Tell that to the fast-response paramedic who's strapping you to a spinal injury board in the middle of the M1 at 11:30 at night on a windy December night. Or the environmental health officer that has to deep clean a property after someone has decomposed in their living room. You know privatisation doesn't work. Look at America's desperately unfair health service, that's what you want is it?
Society is not just about maintaining an environment to generate unreasonable and unimaginable numbers for merchant bankers to cash in. It's about human rights, education, development and cooperation. Buying and selling debt, exploiting misery and lack of opportunity. It's pretty lowlife behaviour that history will mark with the same "dark satanic mill" inference that the industrial North was tarred with before the philanthropists reformed rights, conditions etc.
We were for a brief period heading towards being an enlightened society, where work and life were becoming balanced. This ideal seems to have been shrugged off as we relive the eighties.
I don't mean to patronise, it's everybody's right to work hard if they want to. But a lot of people work hard for the wider society, not purely for themselves.
Public sector staff should be held in high regard and renumerated - not unreasonably, but at least fairly. The pensions have historically been a compensation for the poor pay/perks/kudos that being "council" has always attracted. Take that pension away? You'll have to boost their pay or see the counrty grind to a halt. Simple.
By the way, I work for a limited company.
Member - 176 posts
Further to this I would like to add that even I was shocked when talking to fellow Public Servants in the Prison Service that they earn £15000 per year.
Would you do that job dealing with the sort of people they deal with the 24 hour shifts for £15000 per year?
No well neither would I and unlike many others I do not begrudge them a penny of it. The same as firefighters, soldiers, ambulance staff and Care staff etc who all face horrendous duties for little or no thanks for rubbish pay and little in the way of recognition for what they do.
I would also like to point out that in most departments of the Civil Service the Departments have been cut by massive amounts in the last decade and the I million extra staff where are they because I see no sign of them or are we talking about the Fixed Term Appointment staff who all left long ago.
All I hear at work is the public moaning about the diabolical service and being unable to get through on the phone. This is caused by the massive cuts in staff we have had and the terrible service we receive from our privatised sectors such as IT and Facilities Management. How can we provide Services when the computers are down or we have no paper to print things on. We also get distressed people ringing us because the privatised debt collection is causing serious concerns.

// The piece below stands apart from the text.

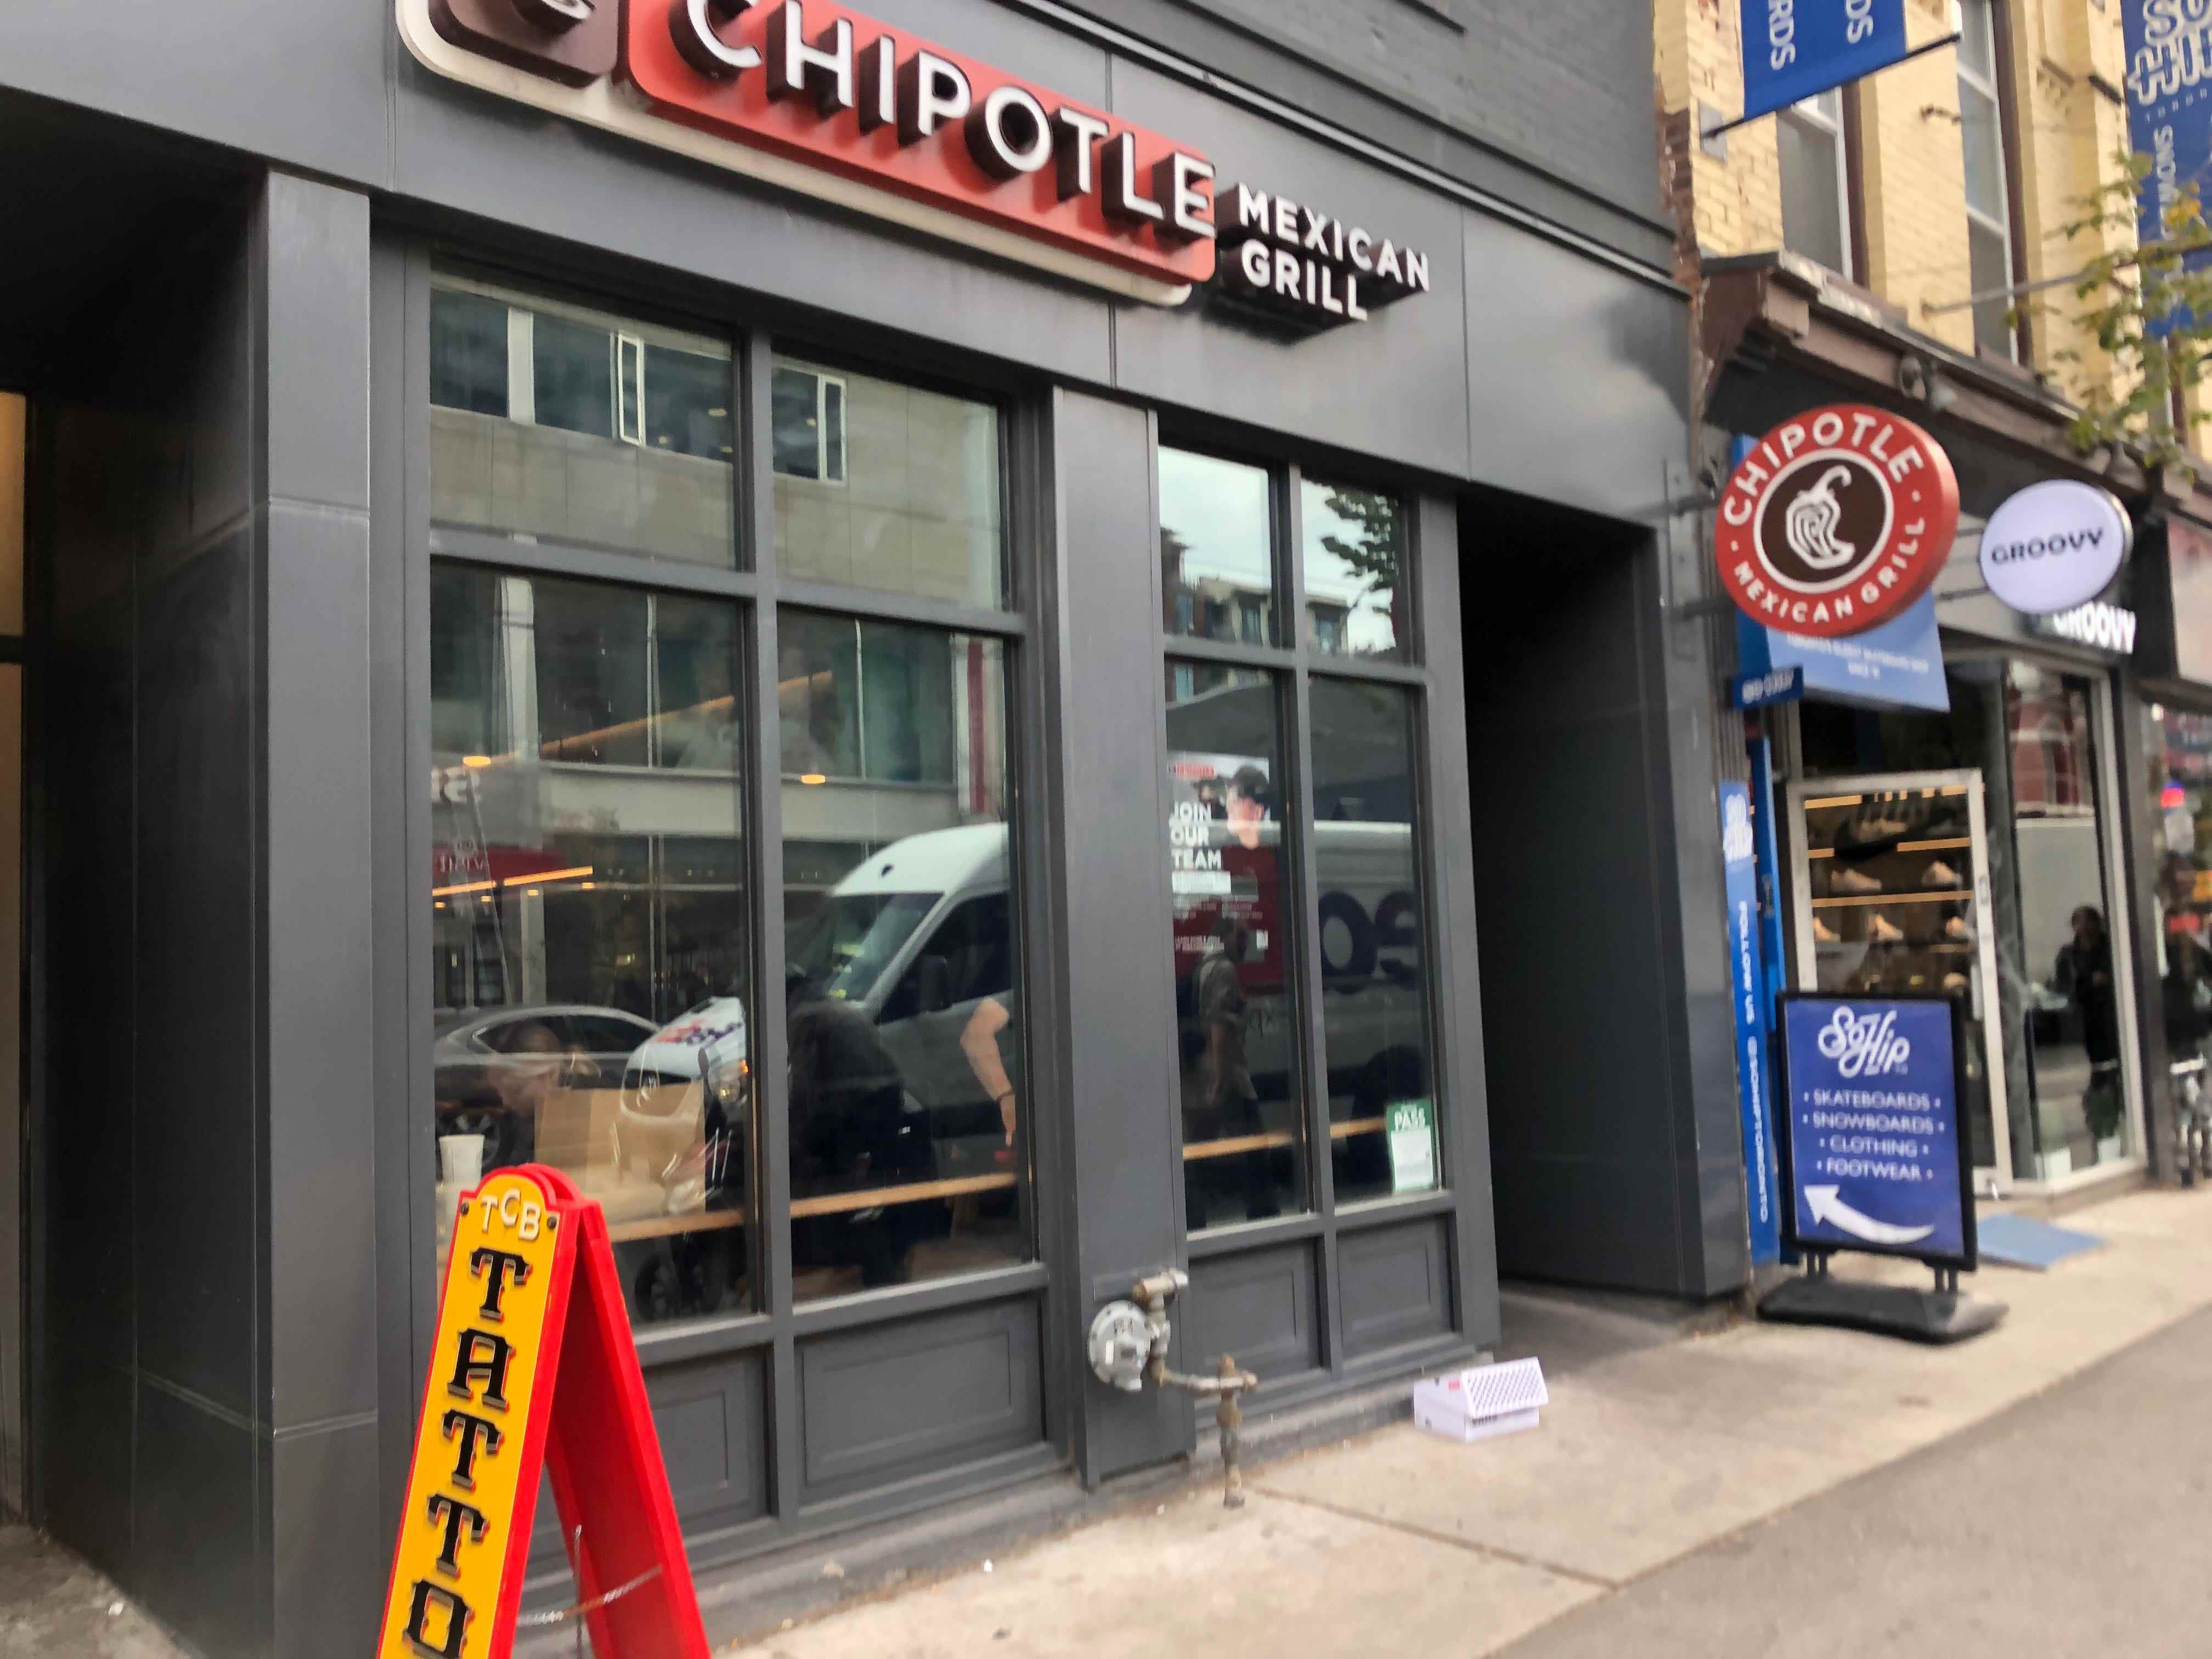 Außenaufnahme eines Chipotle-Restaurants in Toronto, Kanada

Why are we and other Public Servants being treated this way we did not cause the crisis the banks and the Government did.

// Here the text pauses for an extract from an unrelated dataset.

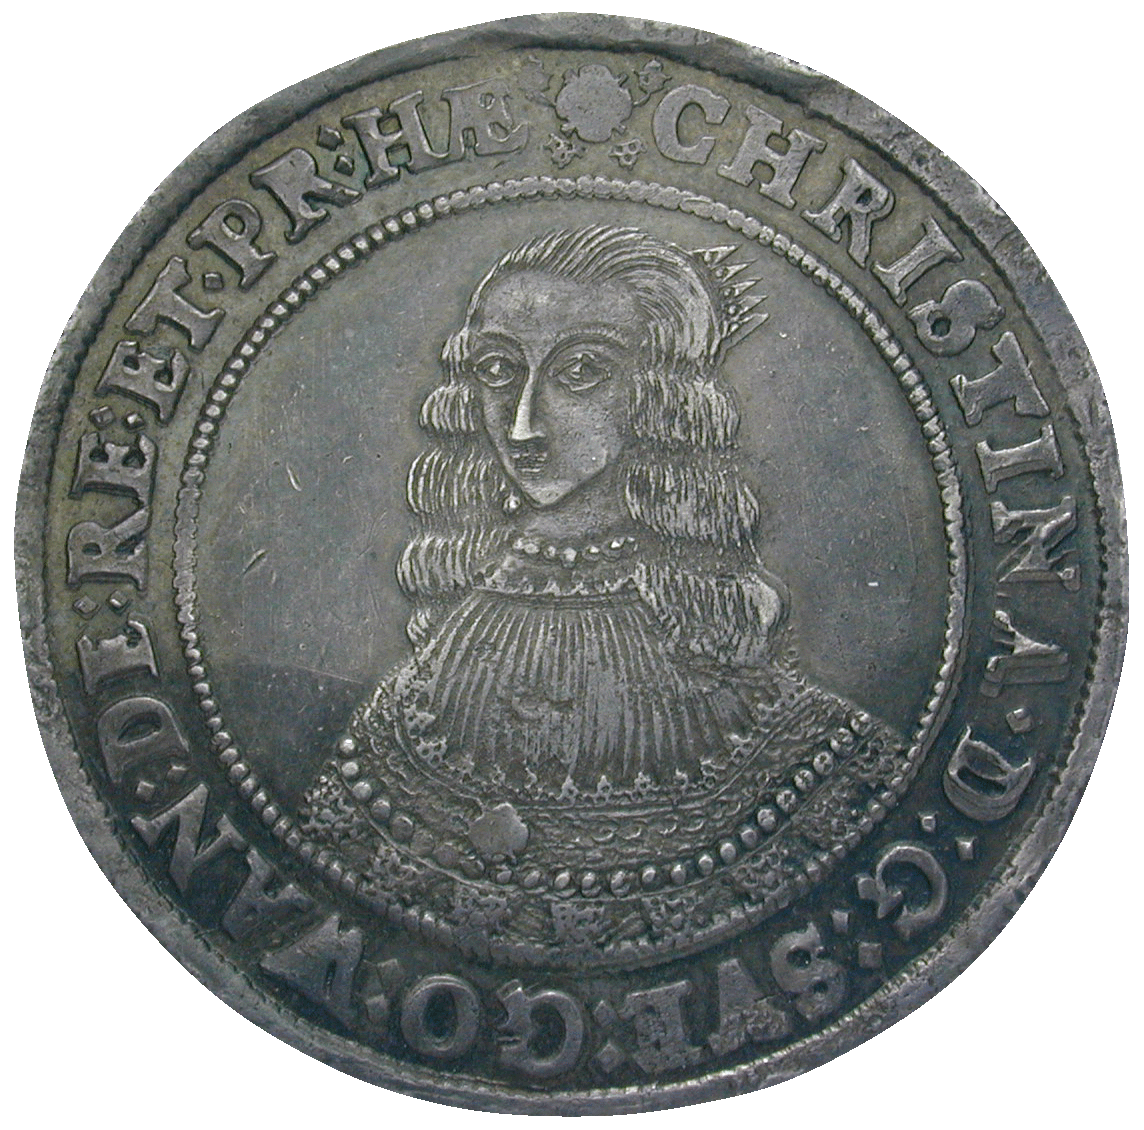 Kingdom of Sweden, Christina, Riksdaler 1644, Stockholm or Sala (obverse)

It should also be noted that if these workers end up unemployed they will get more in benefit than they were earning as I understand it the best way to deal with this is to keep people in work and paying taxes rather than living on benefits and getting figures like £37,000 by time you take into account all the reliefs etc. You can pay 2 or 3 Civil Servants with this and yes I am remembering the to include all costs.
As I said before this is not about pensions this is only part of the bigger issue of terms and conditions being ripped up and flushed away.
I can assure you all that you will miss us when we are no longer there. Passports, Driving Licences, Stamp Duty Offices, Child Benefit, Tax Credits, Police Officers, Firefighters, Drs, Nurses, Social Workers, Street Cleaners, Dustmen, Environmental Healrh Officers, Border Agency Staff.
All necessary and all under threat.
Member - 10 posts
To Graham Hall, “Working from 8 til 6 everyday... except when you're posting on web-forums eh Dave? “, not sure if you mean me but I have few posts to my name, I only did this one because it make me hot under the collar.
“And please don't forget that public servants are tax payers”, agreed but this means they are merely returning a proportion of their income to the treasury, from whence it came. The point is the public sector can only be afforded if the country earns enough to support them. If everybody worked for the public sector we would be down the swanee as it produces little wealth, only cost. The public sector is needed but at a level that can be afforded by the country.
Member - 187 posts
I understand that pension contributions are taken from Public sector staff as part of their salary agreement, you pay into a pension whether you like it or not. Private sector is often optional although some employers do pay a percentage into a scheme as a benefit. Employer provision in either sector is a benefit and should not be relied upon, nice if/while you can get it but it should not be a right. We should all take responsibility for our own pension provision.
I'm sure there are plans to introduce forced pension provison to any employee who is not a member of a pension scheme and I'm not against a national compulsory pension scheme that's the same for both private and public sector workers, based on a percentage of earnings, with an option to pay additional voluntary increases.
But to send 3/4 of a million public sector workers on strike helps no one, it only burdens the general public further and creates resentment. Just from the NUT action how many parents will that inconvenience who have to make alternative childcare arrangements? But it won't affect the public sector parents will it because they'll all be off work anyway - very divisive, and tantamount to blackmail.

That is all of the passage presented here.